The Amazonian frog toxin used at a spiritual retreat where a man died was so strong that it caused another participant to faint and soil herself, an inquest has heard.
Witness testimony in a Byron Bay courtroom paused on Thursday afternoon, the penultimate day of the inquest into the death of Jarrad Antonovich, with only the man alleged to have organised the six-day retreat at which he died and presided over its ayahuasca ceremonies, Soulore “Lore” Solaris, and the man alleged to have conducted its “kambo” ceremonies, Cameron Kite, yet to appear.
Earlier in the day, the courtroom heard both men continued to conduct similar rituals in the months following Antonovich’s agonising death on 16 October 2021 after taking “kambo” – the toxic secretions of an Amazonian frog – and hallucinogenic tea.
The court also heard that the “kambo” used in the ritual was so strong that it caused at least one other participant in the ritual to faint and lose control of her bowels.
Lurelle Alefounder testified to a quid pro quo relationship with Solaris. Describing him as a spiritual leader, Alefounder said she gave Solaris singing lessons in exchange for her participation in ceremonies, which could cost $350 each.
The pair met in 2021, she said, at a Solaris-led ayahuasca ceremony and Alefounder went on to participate in more than a dozen other ceremonies over which he allegedly presided, including that at which Antonovich died.
Alefounder was singing and participating in the ceremony after having drunk ayahuasca while a prone Antonovich made “unpleasant noises” and was “groaning like he was in intense pain” in the last moments of his life, she told the inquest.
She was also sitting next to Anotonvich at the kambo ritual that morning. However she had limited contact with him in the intervening hours after enduring what she agreed was an “extreme experience” with the drug herself.
“You estimate that within a minute of that kambo being applied you purged into a bucket, you felt very hot, your heart was racing,” counsel assisting the coroner, Peggy Dwyer, said, reading Alefounder’s police statement.
“You explain in your statement, you purged, you soiled yourself, you lost consciousness for a few seconds.”
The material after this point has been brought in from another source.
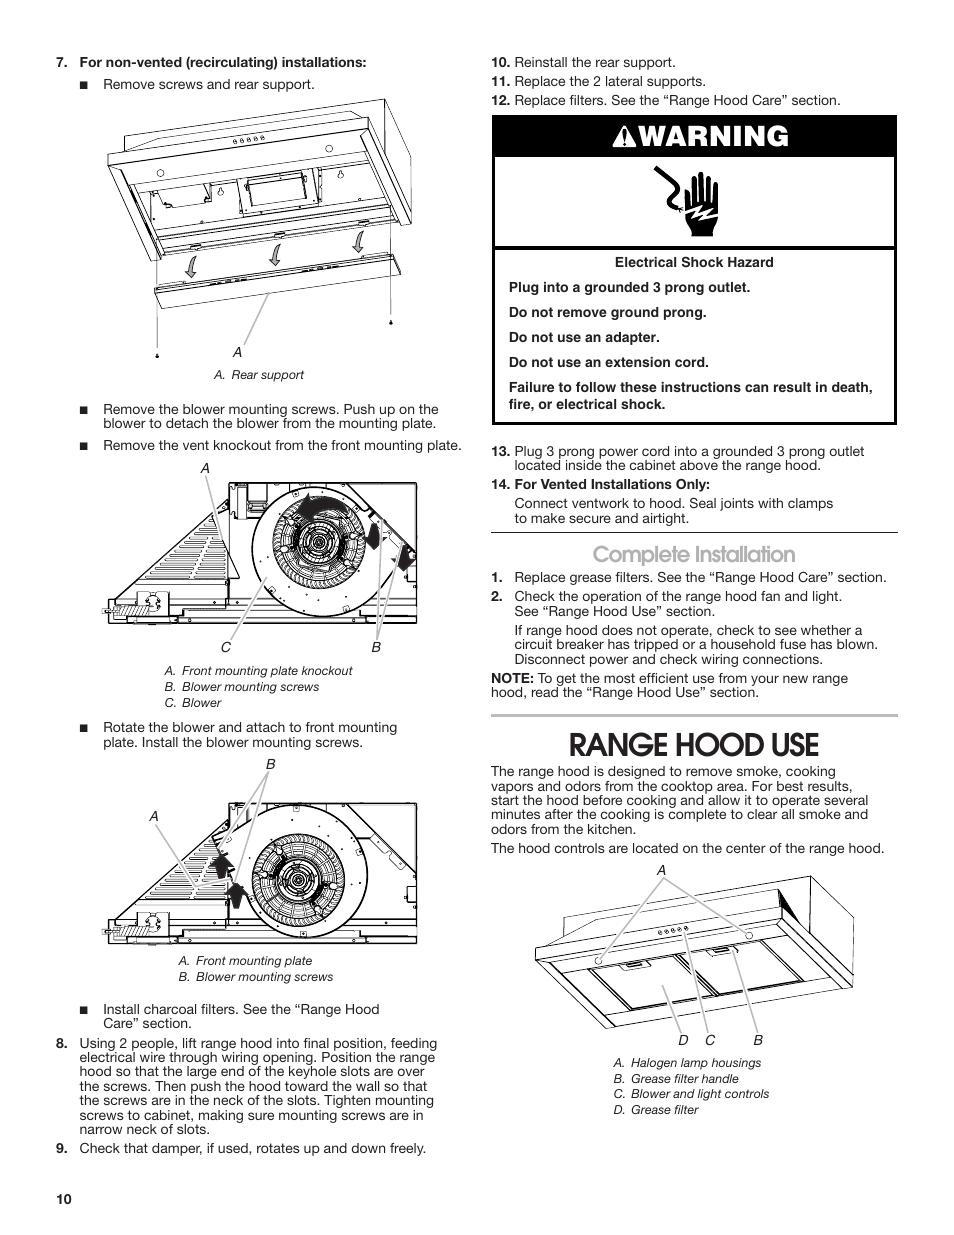 medium resolution of range hood use warning complete installation maytag uxt5536aas manuel d utilisation page 10 28

Alefounder agreed but said such reactions were “not uncommon” – she herself had experienced all the same reactions at her prior kambo ceremony, which had also been presided over by Kite.
About an hour after Antonovich’s death, Alefounder said Solaris asked her to drive to Lismore and tell his flatmate to “not reveal that it was an ayahuasca ceremony”.
Alefounder agreed it was the “humanitarian thing to do” to pass on news of the tragedy but said she refused to follow the second part of the request.
“I wasn’t going to do that, because I didn’t want to lie,” she said.
Solaris’s barrister, Alex Radojev, denied this occurred and questioned why the allegation had not been made in Alefounder’s police statement.
Alefounder retained a strong belief in the effectiveness of the Indigenous Brazilian medicines, saying they had healed her in ways that mainstream Western medicine had failed.
Alefounder told the court she was a participant in a Kite-led kambo ritual relatively soon afterwards and several Solaris-led ayahuasca ceremonies over the course of following months.
Lee O’Dwyer, who helped Kite conduct the kambo ritual by applying burns to the skin of participants, later told the court he also took part in Solaris’ ceremonies until August 2023.
O’Dwyer said his recollections were “somewhat different” to Alefounder’s, saying he did not recall helping apply the kambo to Antonovich, as O’Dwyer left the ceremony and spent about 30 minutes with Alefounder, helping her through her reaction to the frog toxin.
“There was some cleaning required,” he said.
O’Dwyer said that at some point in the afternoon he suggested Antonovich go to hospital, but deferred to “elders” who had decided he did not.
Earlier, the inquest heard expert testimony that Antonovich’s life would probably have been saved by timely medical attention.